#### [Instructions to follow]
Only the records, exactly as written, belong in the answer; pictures do not.

+++

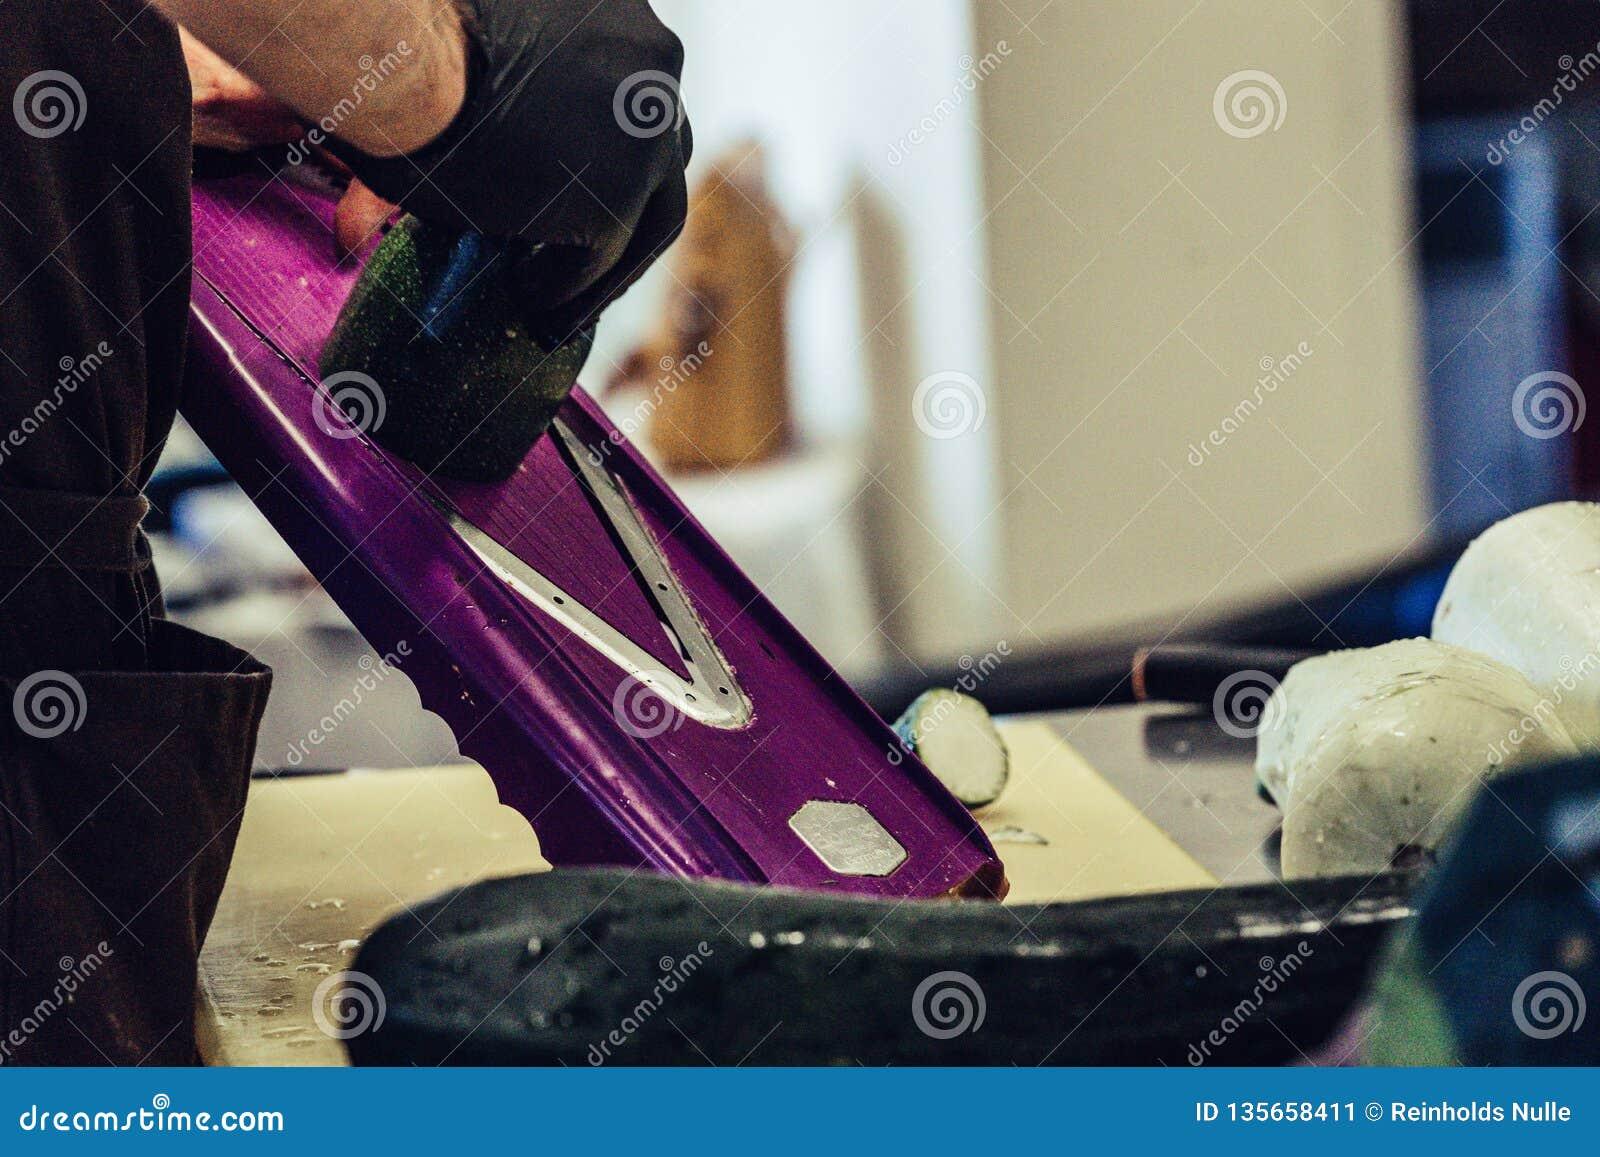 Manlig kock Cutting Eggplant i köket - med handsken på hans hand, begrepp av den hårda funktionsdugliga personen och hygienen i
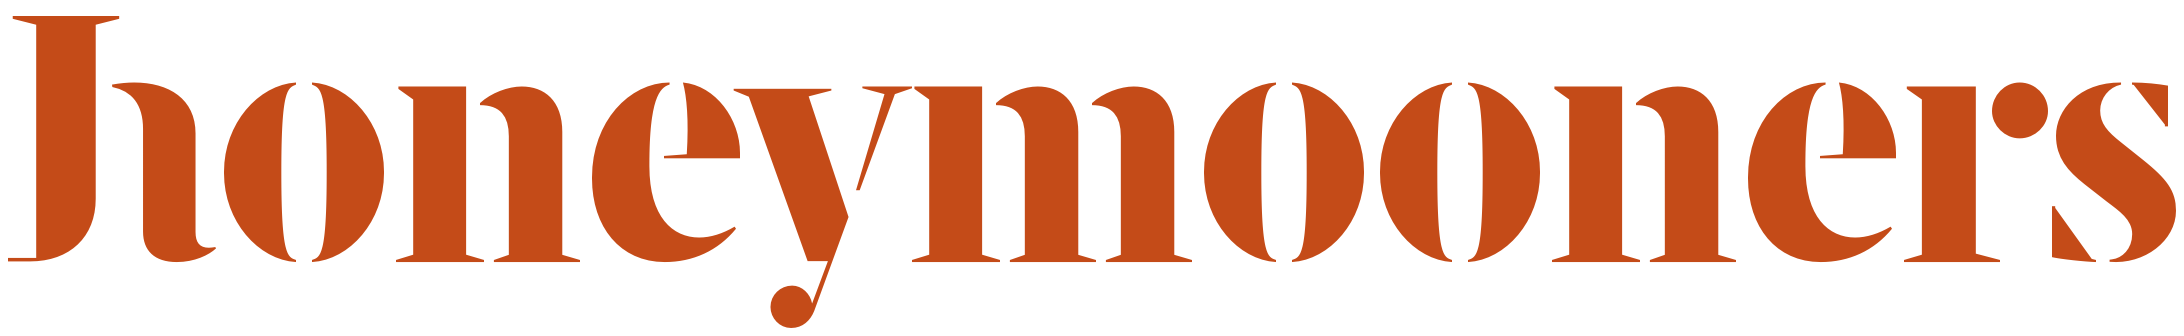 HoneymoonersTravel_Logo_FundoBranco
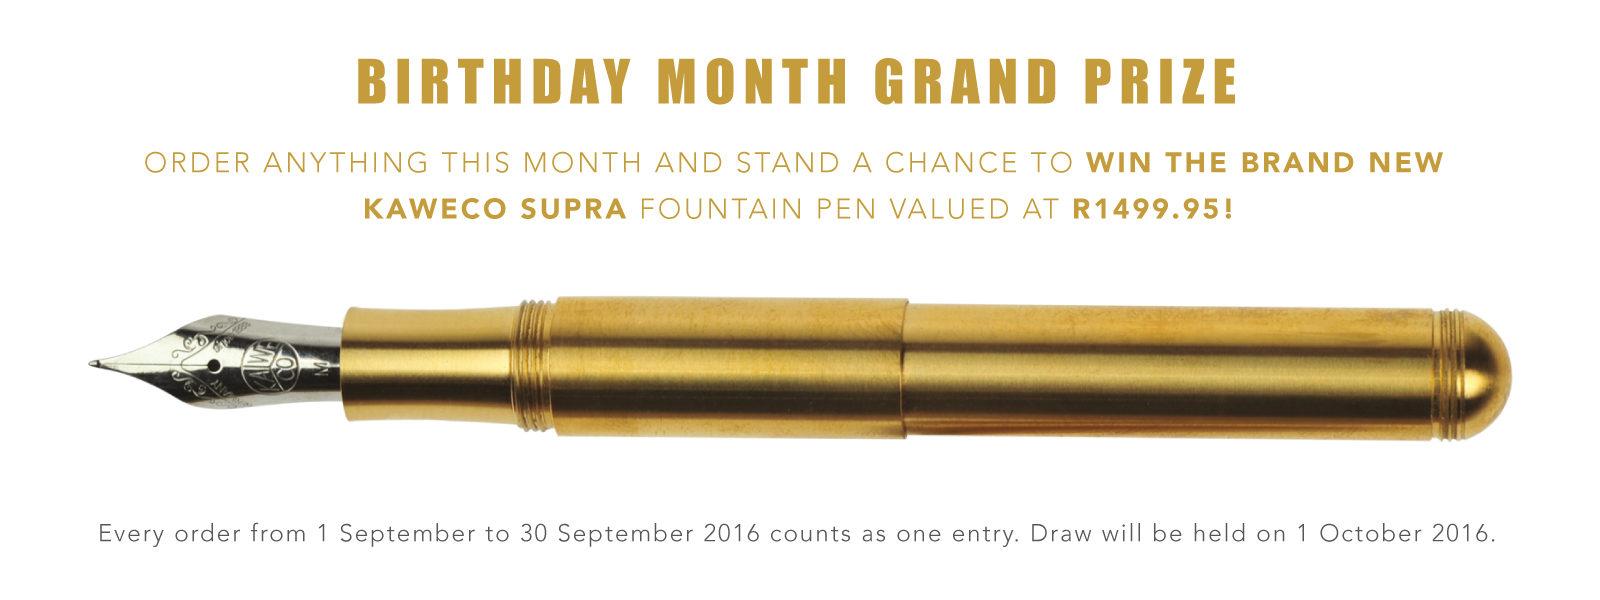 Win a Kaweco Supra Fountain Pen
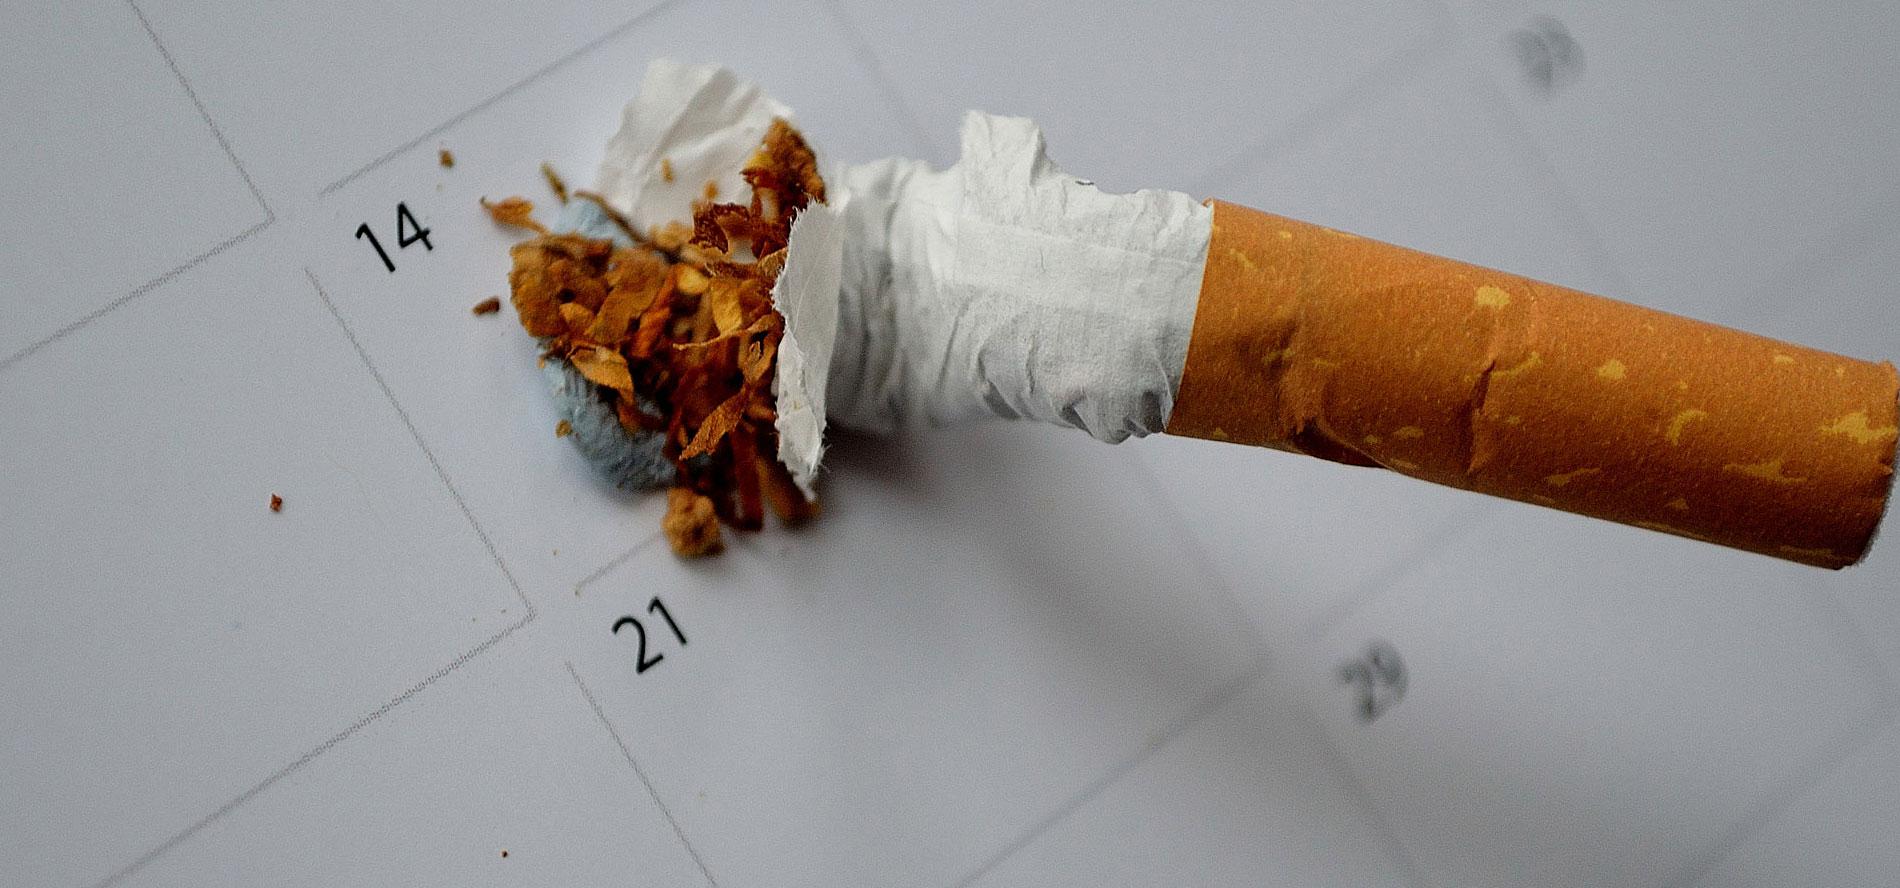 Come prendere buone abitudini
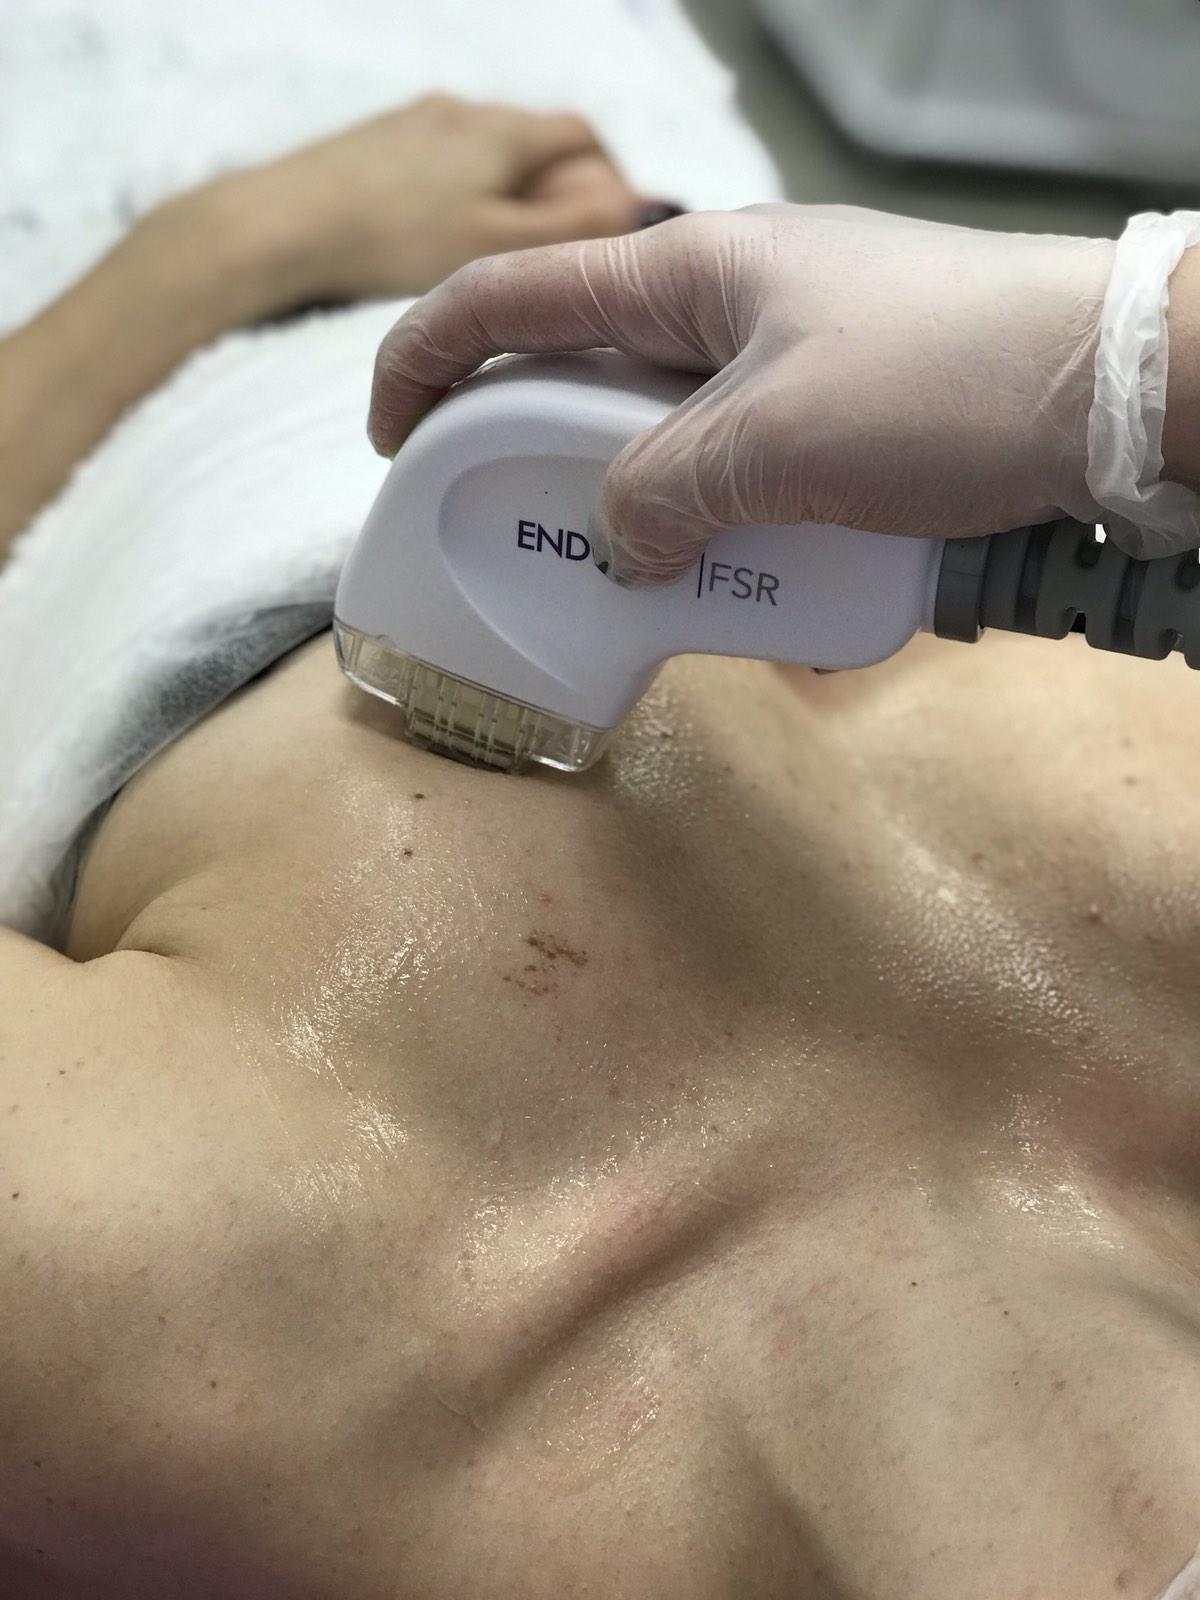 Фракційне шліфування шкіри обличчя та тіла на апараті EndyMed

+++

#### [Exercise output]
 Manlig kock Cutting Eggplant i köket - med handsken på hans hand, begrepp av den hårda funktionsdugliga personen och hygienen i
 HoneymoonersTravel_Logo_FundoBranco
 Win a Kaweco Supra Fountain Pen
 Come prendere buone abitudini
 Фракційне шліфування шкіри обличчя та тіла на апараті EndyMed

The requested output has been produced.